I first encountered Dr. Verghese in his acclaimed My Own Country. There he recorded his heartbreaking experiences with the country’s first cases of AIDS as they returned from the cities of each coast to come home to East Tennessee, not knowing what disease they had or what to expect. We followed the lives of each new patient, went into their homes, met their friends, lovers, and sometimes wives. We witnessed the community and his profession reject Verghese as he tried to understand and treat the people with the strange unfolding disease of AIDS.

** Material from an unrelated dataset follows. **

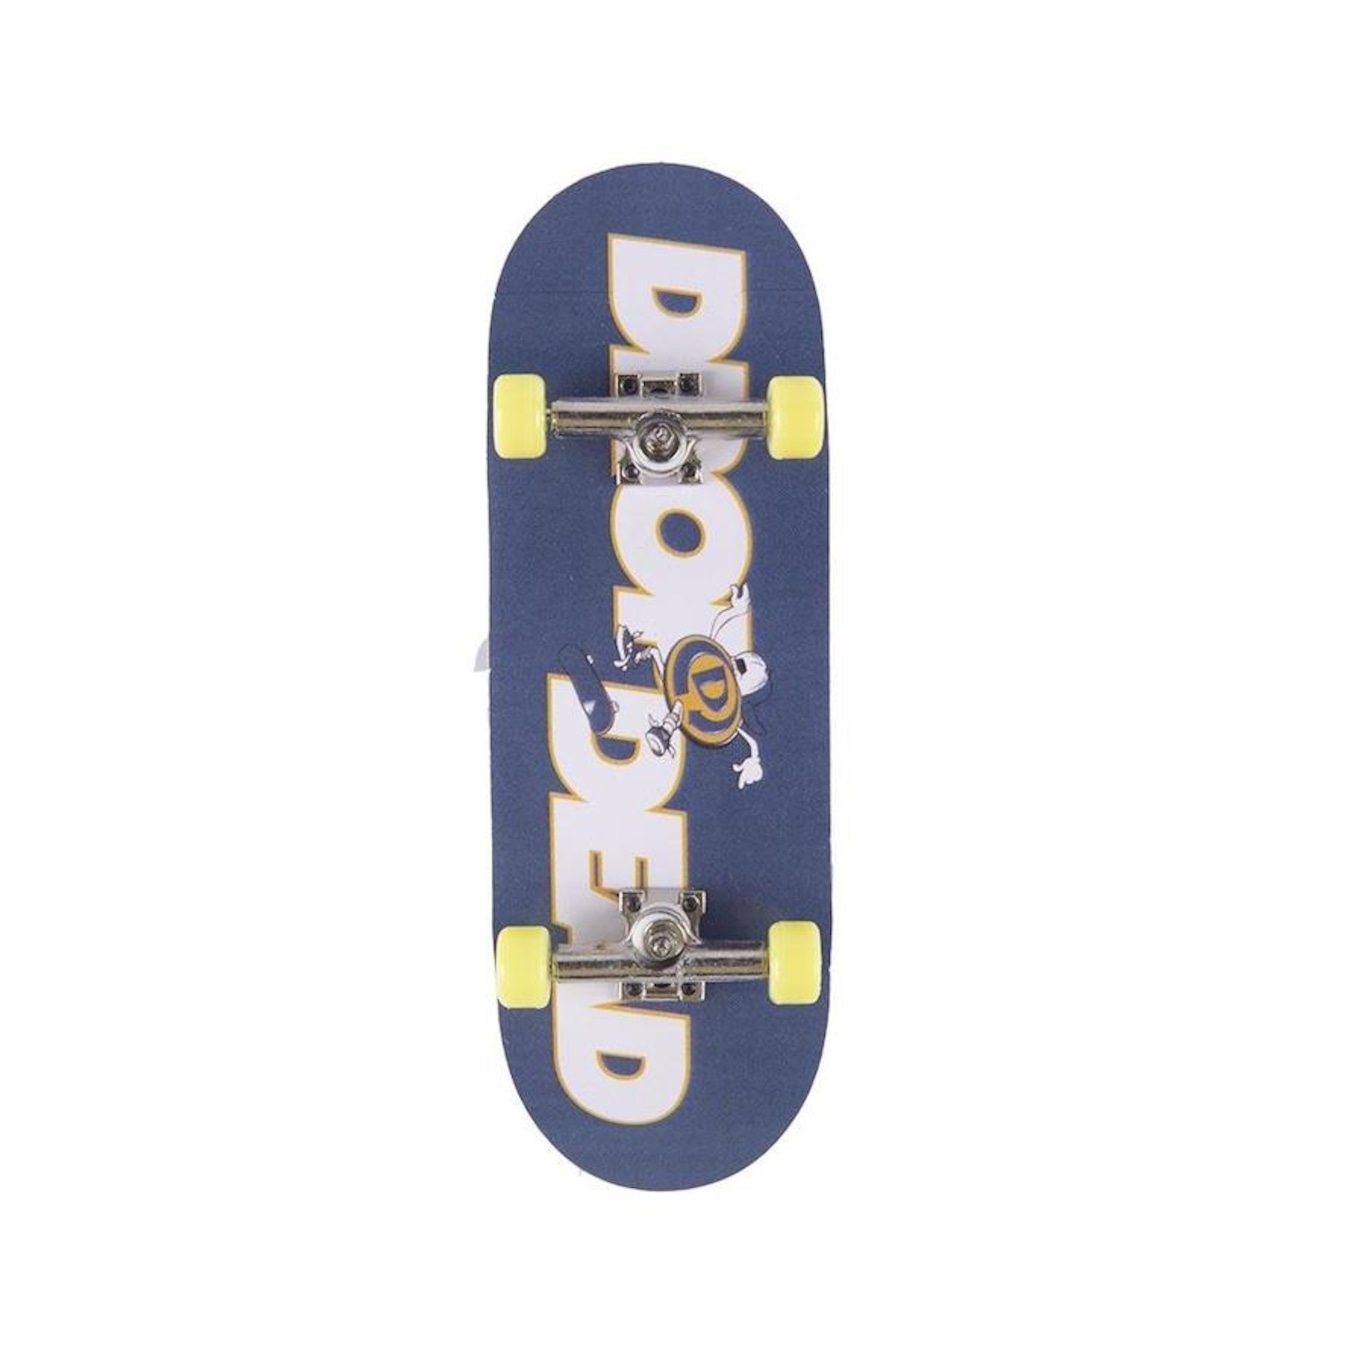 Skate de Dedo Profissional De Madeira Com Rolamento Fingerboard

It was my good fortune to spend an afternoon with Abe Verghese at the Southern Festival of Books, where we shared a panel discussion and several hours of talk. Later, I saw one of the patients he wrote about in My Own Country. The woman, still in the early stages of AIDS, told me her story in some detail and then said, but read Abe’s book . . . he put it down just the way it is. She reaffirmed my own observations that Dr. Verghese is an extraordinarily compassionate man who also happens to be a physician. She also convinced me that he is a very accurate recorder.
In The Tennis Partner, Verghese continues to show his uncanny ability to be a participant-observer. He writes objectively but at the same time with intense emotion. Time after time we follow him, as if just a step behind, through the most painful circumstances, experiences, and relationships. Verghese relates the moving stories of a medical school professor, a failing marriage, cocaine addiction, love affairs with medicine and tennis, and a brief and tragic friendship with a medical student/ex-tennis pro. The parallels between obsessions with tennis, medicine, and cocaine are thought-provoking and powerful. Verghese carries us into the world of troubled and impaired medical students and doctors and leads us to a better understanding of the profession’s proclivity for addictive behavior. For whatever reason, Verghese is drawn to the down-and-out, troubled, and tragic members of our world. He leaves us with some knowledge that, given a tiny twist of fate, they are not very different, if at all, from any of us.
Clifton Meador is a physician and author of several books.